Photobox Group is among the world's largest image-hosting platforms - and may well be the largest of those based in Europe. Adding about a petabyte (PB) of storage every year, the need for speed, agility and scalability has recently meant dropping the data centre and embarking on an ambitious, large-scale move to the AWS cloud.
Until this January, all of Photobox's data was stored on racks in co-located data centres in Amsterdam and Paris - and the company's no-delete promise meant that storage was becoming unwieldy.
"If you think about the size and scale of the data we were dealing with - nine petabytes - we were adding about a petabyte a year: anything up to about 5-6 million photos a day," said Group CTO Richard Orme. "On peak days that really goes up, we could be adding a million photos an hour to our storage - and we don't delete anything.

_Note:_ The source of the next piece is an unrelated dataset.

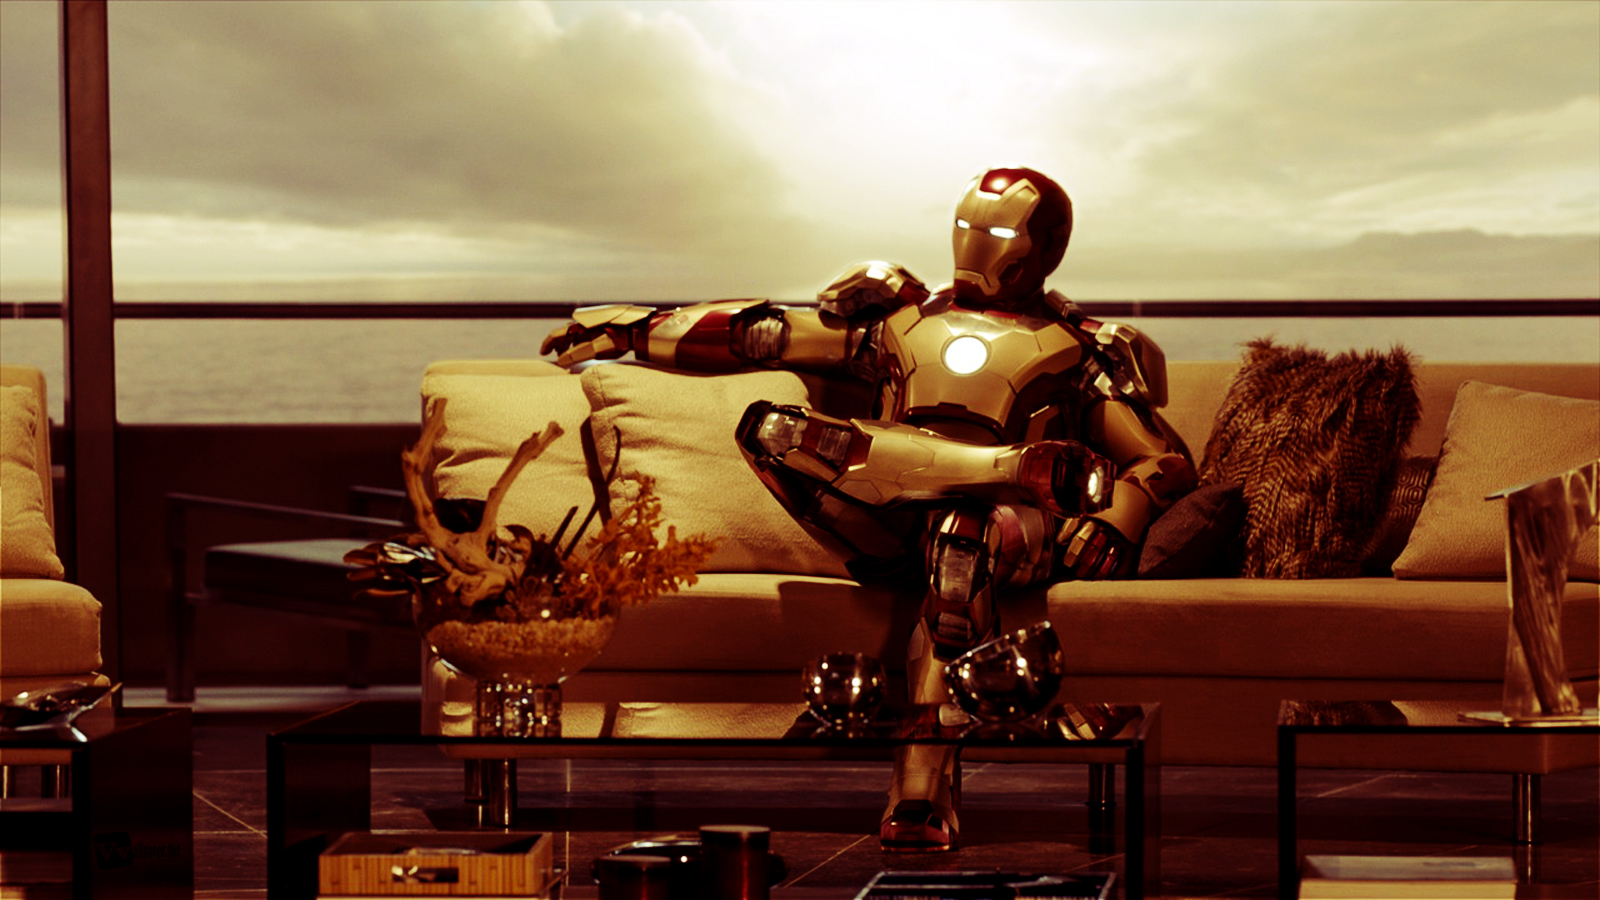 Iron Man 3 Movie HD Wallpapers and Poster Download Free Wallpapers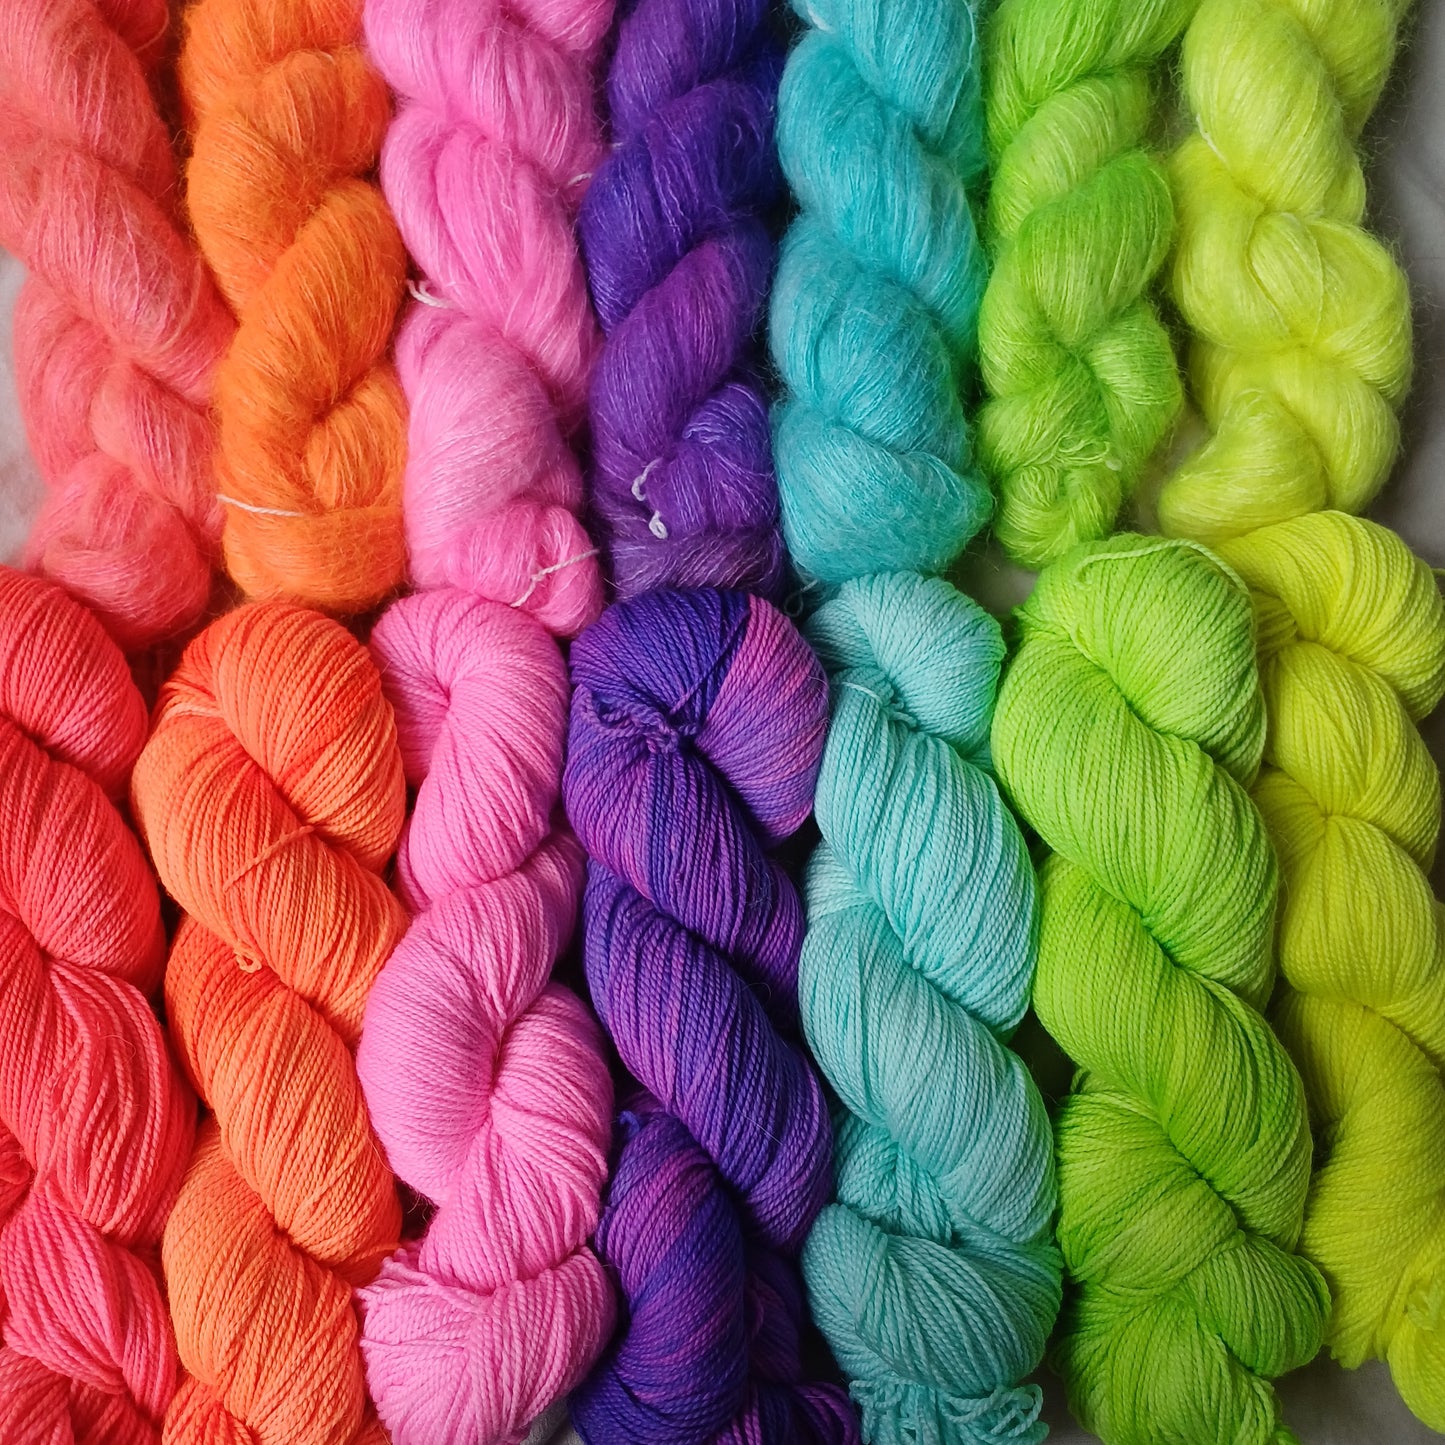 The Neon Edit "Twilight Rave" in Frog Mouse Twisty Sock

"Part of our proposition is if that if you upload an image to us and build a product, you can reorder and reorder and reorder that product over time."
More and more time was necessary just to maintain the storage layer, which limited the effort that could be devoted to more than just ‘keeping the lights on'. Innovation began to suffer, until the company decided that enough was enough.
"We hit a really crucial decision point about two years ago, where we decided that actually it was probably no longer in our interest to keep running those data centres.
"Fundamentally, three things have changed [from when we first set up out data centres]: we're good at data centre provision, but AWS is definitely better - as are Microsoft and Google; [secondly] pricing, and in particular bulk storage pricing across all the cloud providers, has got to a place where economically it became very viable for us to do it; and thirdly...we'd slowed down a bit too much on the digital and physical product innovation side. It was important for us to reinvest the spend that we were putting into the data centres into kickstarting the innovation back in those areas."
In the end the Group chose to go with AWS, partly due to the existing relationship between the firms: all of the Photobox brands' websites run on AWS, which helps them scale up at peak times. With as much as 60 per cent of annual revenue being made in November and December, scalability and reliability is critical.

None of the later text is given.